▼
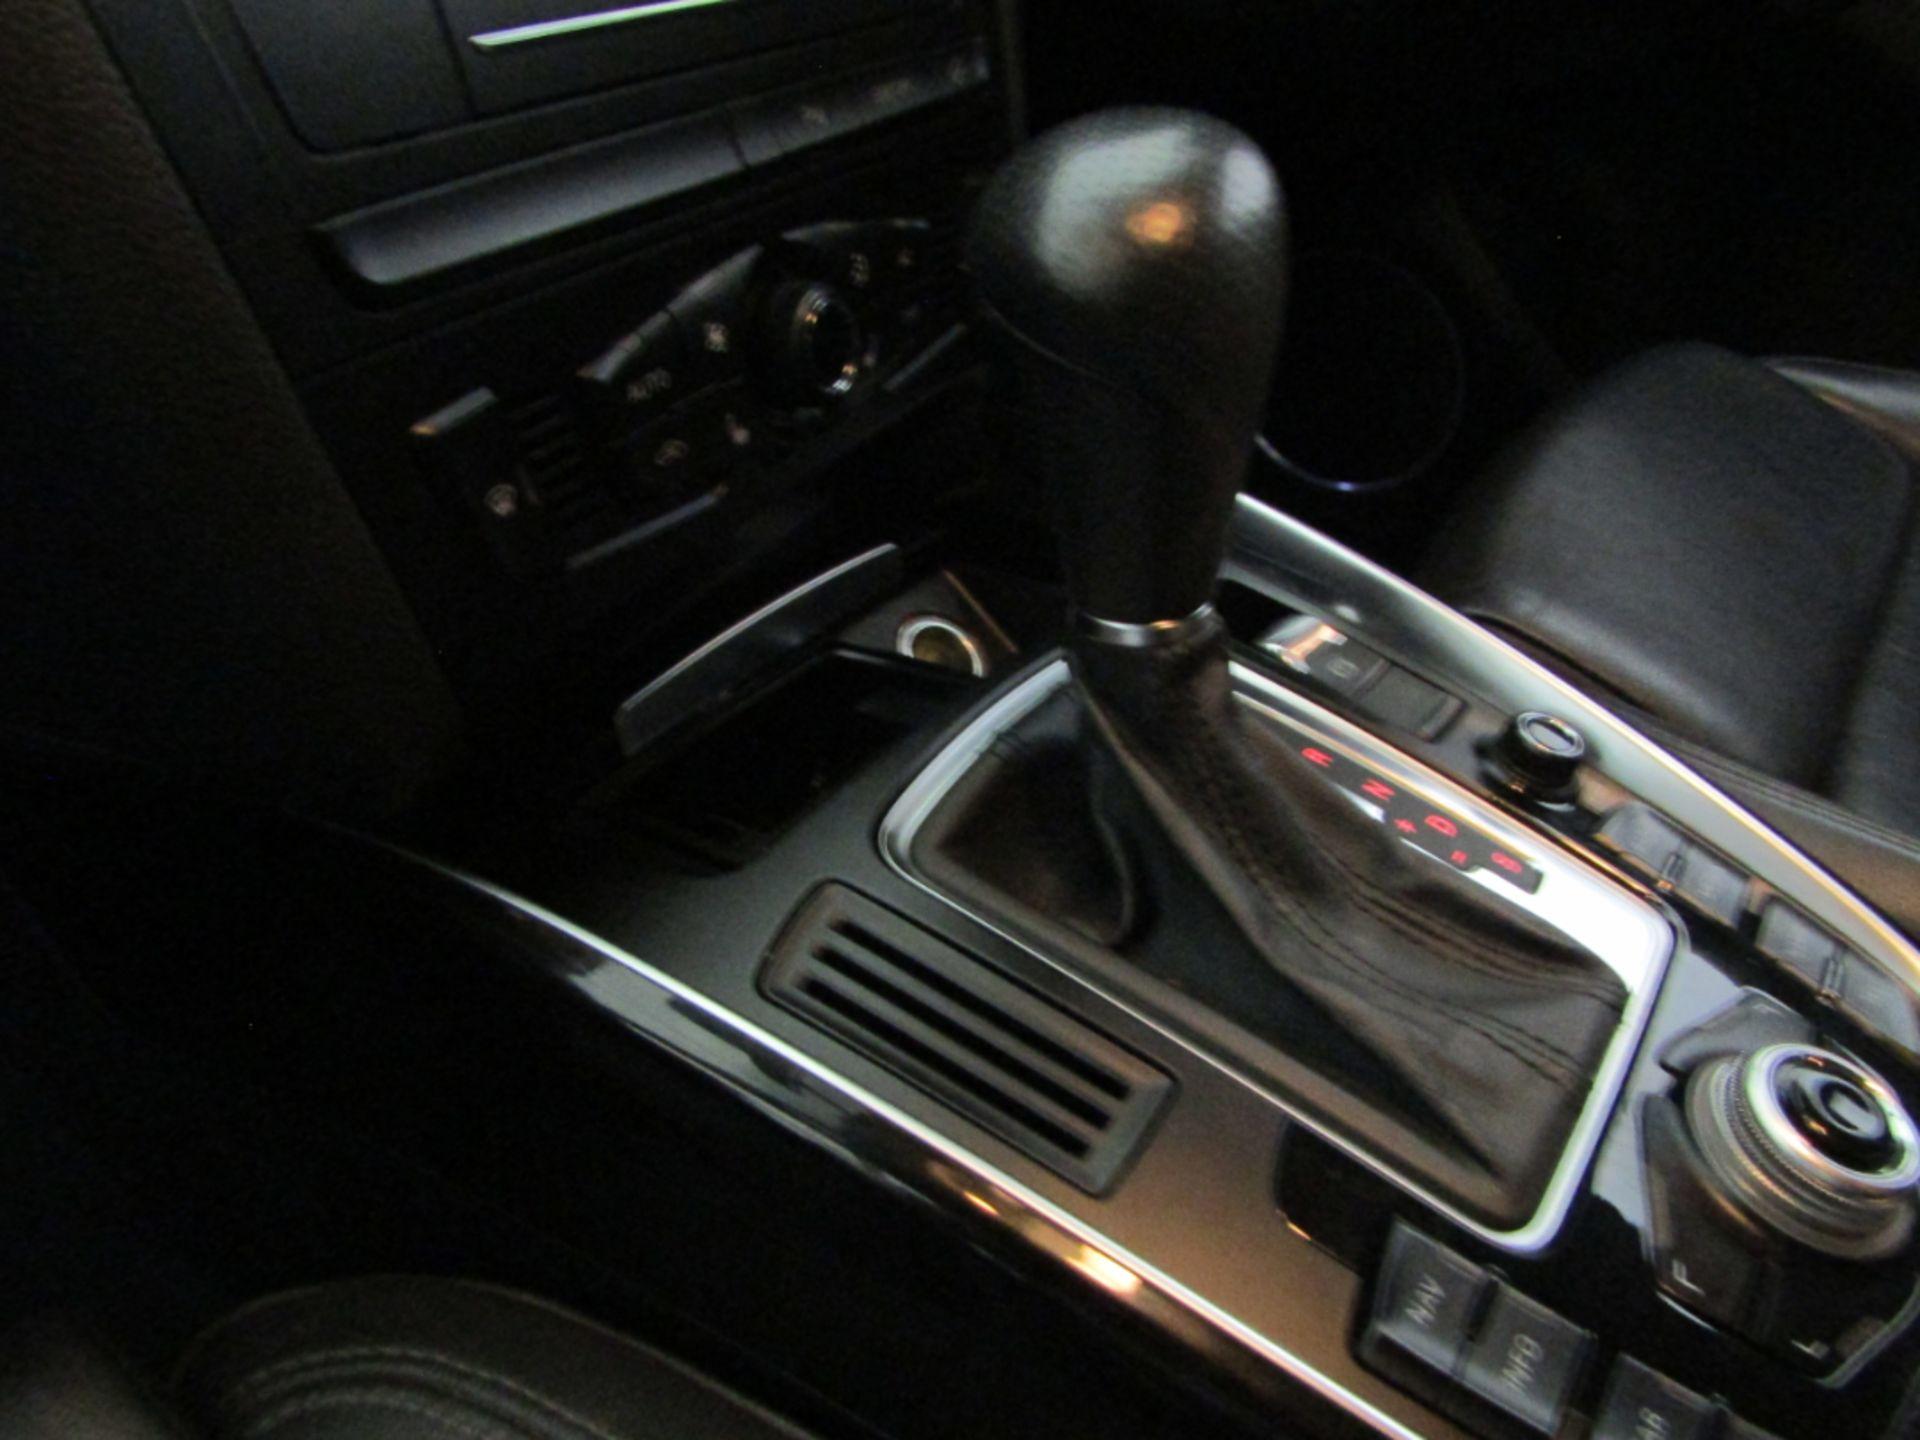 09 09 Audi Q5 S Line TFSI Quattro - Image 7 of 17
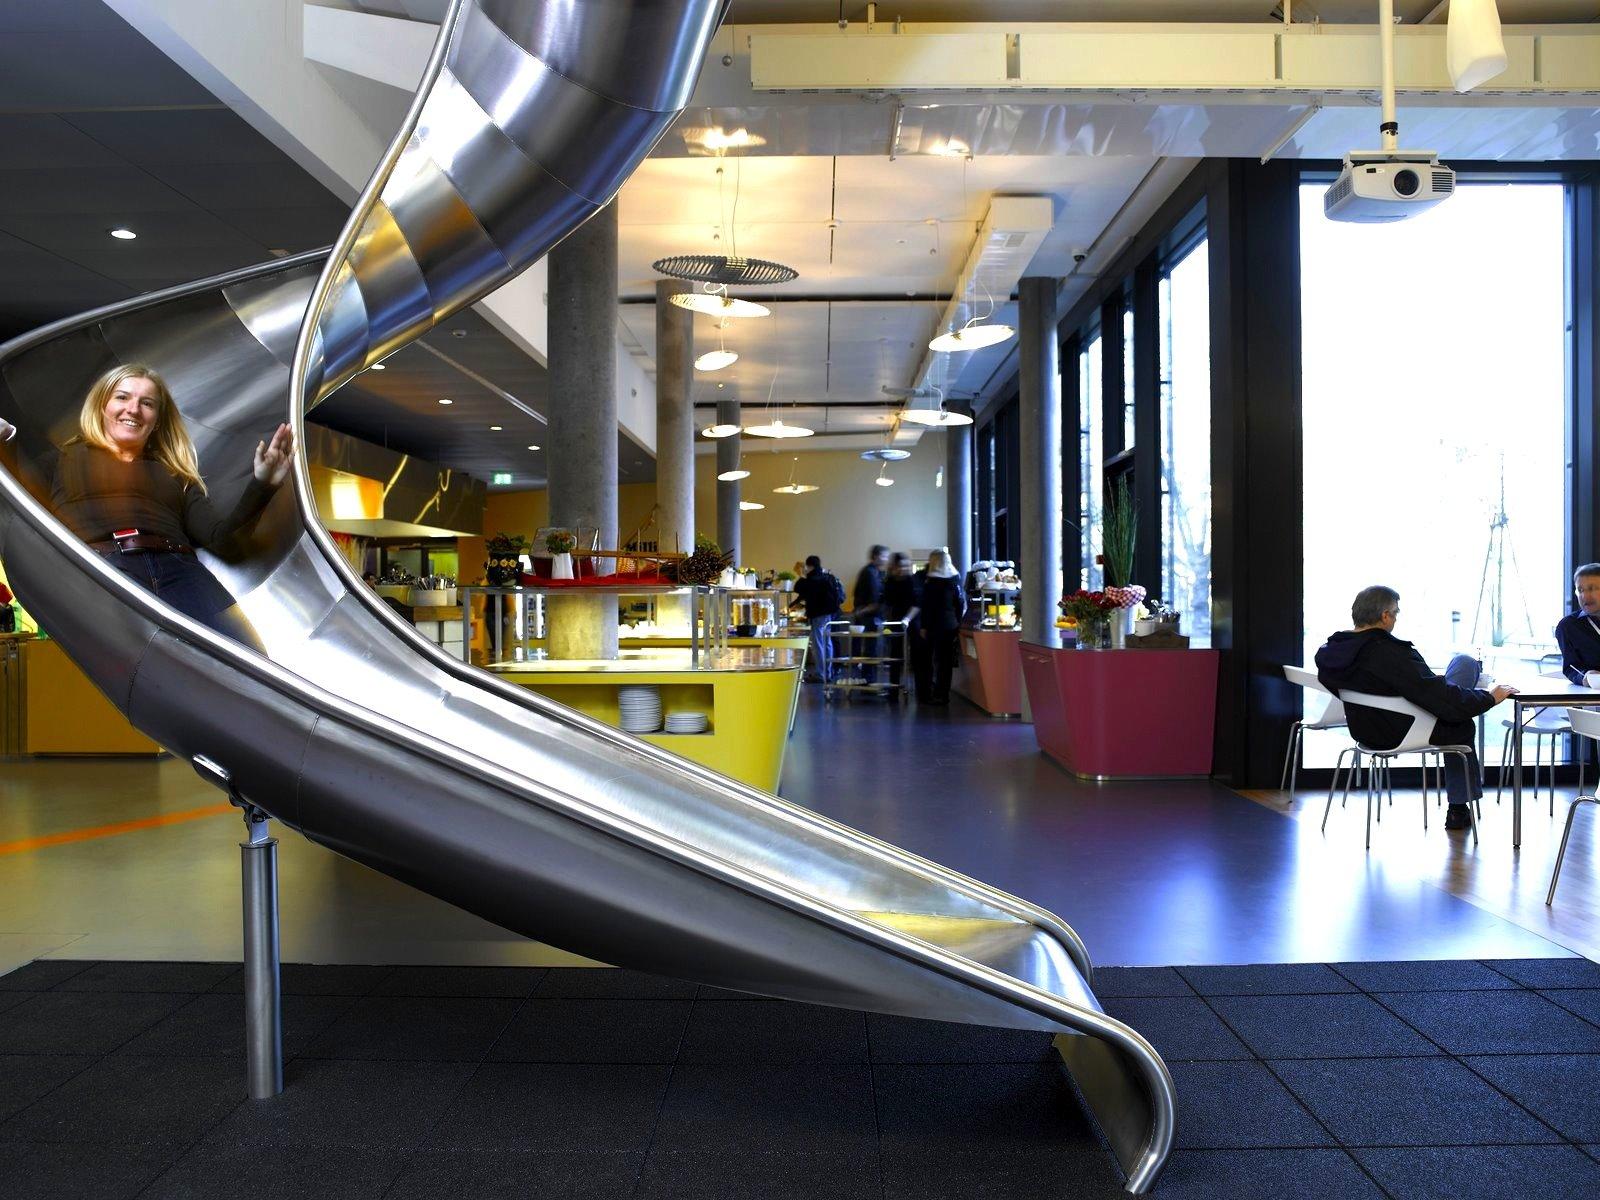 Rutsche im Google-Büro in Zürich: Der US-Konzern will seinen Mitarbeitern möglichst ungewöhnliche Arbeitsplätze bieten.
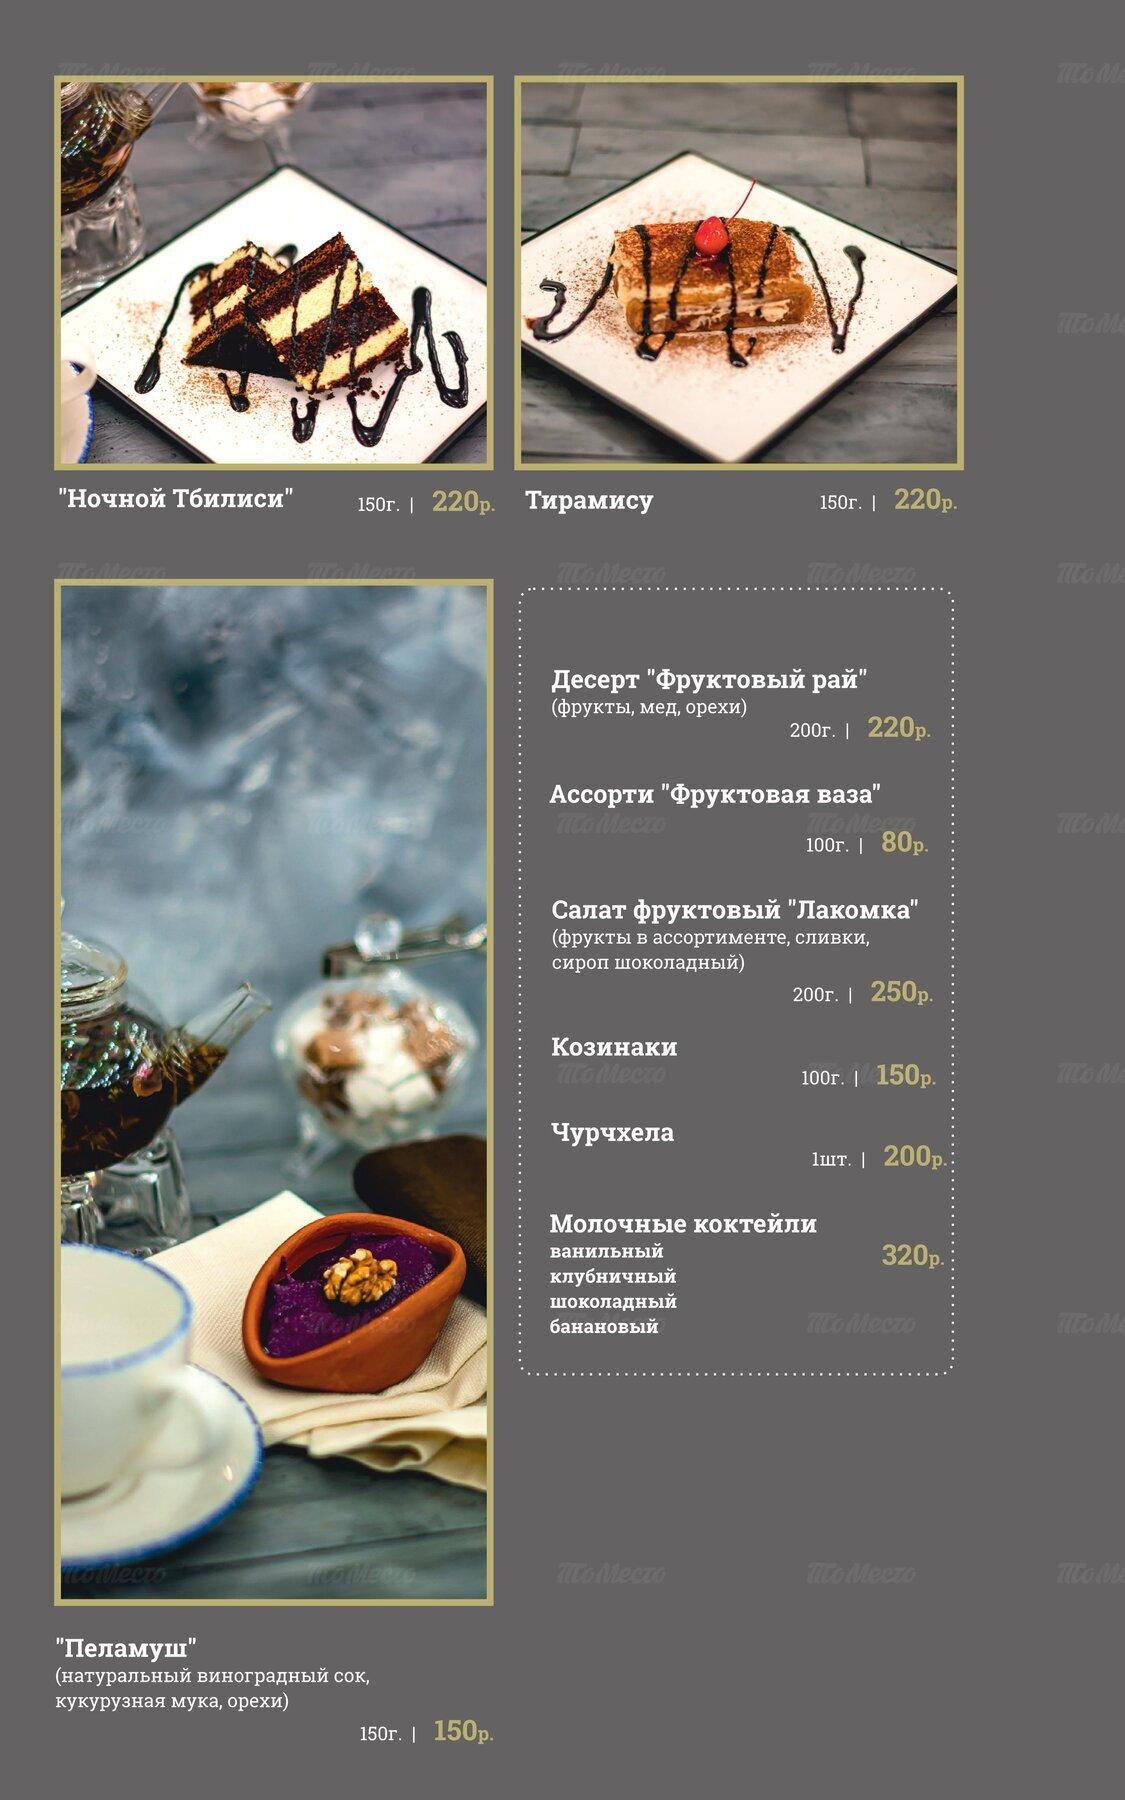 Меню ресторана Хванчкара на улице Селезнёва фото 26
▲
# Work to complete
The material above must be reproduced line for line, with the images omitted.

# Task result
 09 09 Audi Q5 S Line TFSI Quattro - Image 7 of 17
 Rutsche im Google-Büro in Zürich: Der US-Konzern will seinen Mitarbeitern möglichst ungewöhnliche Arbeitsplätze bieten.
 Меню ресторана Хванчкара на улице Селезнёва фото 26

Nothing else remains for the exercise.